First Light
- Genre: News
- Running time: 1 hour
- Country of origin: United States
- Language(s): English
- Syndicates: NBC Radio Network Westwood One
- Hosted by: Michael Toscano
- Original release: 1989; 36 years ago – July 29, 2022; 2 years ago
- Website: www.firstlightradio.com
- Podcast: audioboom.com/channels/4392091.rss

= First Light (radio program) =

First Light was a news program airing on numerous talk radio stations, syndicated by Westwood One, a subsidiary of Cumulus Media. The one-hour live program aired weekdays at 5:00 a.m. Eastern Time and was hosted by Michael Toscano. The show featured reports from ABC News Radio, as well as guest interviews, a call-in segment, and the short-form feature Last Night on The Tonight Show Starring Jimmy Fallon. A weekend version, The Week in Review, for airing on Saturday mornings, was also available to affiliates.

Dirk Van was the show's longtime host from 1989 to 2015, with Evan Haning taking the hosting chores upon Van's retirement. In August 2018, Haning announced he would be stepping away from full-time hosting and Michael Toscano would replace him as host of First Light. Haning would continue to occasionally fill in as host.

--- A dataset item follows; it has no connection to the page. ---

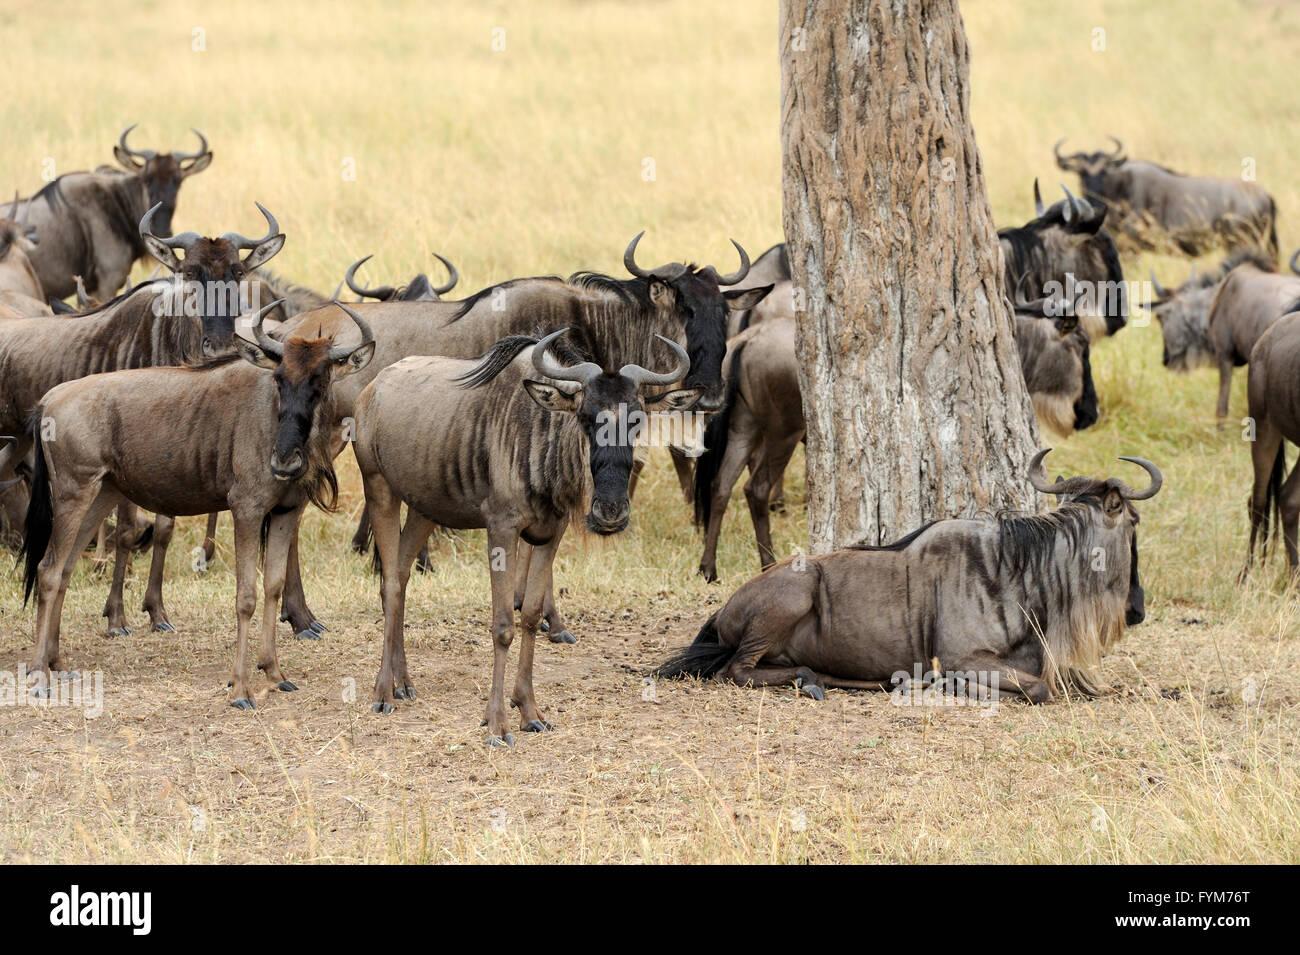 Wildebeest in National park of Kenya, Africa Stock Photo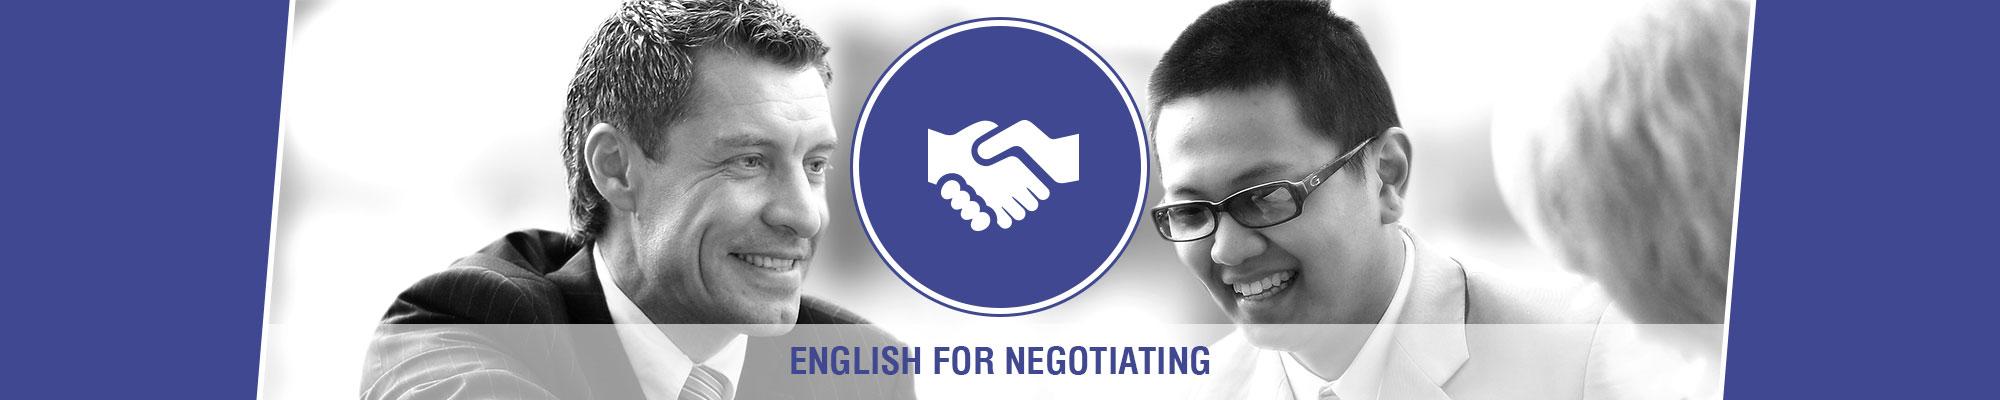 Anglokom Corporate Language Bangkok - English for Negotiations

An alternate one-hour Westwood One news program, America in The Morning, hosted by John Trout, continues to air at 5 a.m. Eastern Time. While the two broadcasts were separately written and anchored, some stories filed by field reporters were the same.

First Light was the last program that continued to use the original "NBC Radio" branding, via a short announcement at the end of the program and through the program's online and print logo (which included a "sunset orange" variant of the NBC peacock). Westwood One (known as "Dial Global" from 2011 through 2013), owns the remains of the original NBC radio network through its purchase of the original "Westwood One". When Westwood One retired the NBC News Radio news service on December 15, 2014, First Light was rebranded as a "Westwood One" program. Haning is also one of the anchors on the hourly Westwood One newscasts, airing on stations owned by Cumulus Media and other owners.

On June 30, 2022, Westwood One informed affiliates that it would discontinue First Light at the end of July, with America in the Morning being offered to stations as a replacement. In an interview with affiliate WPHM, Toscano noted that it was a business decision by parent company Cumulus Media and not a reflection on the show's performance.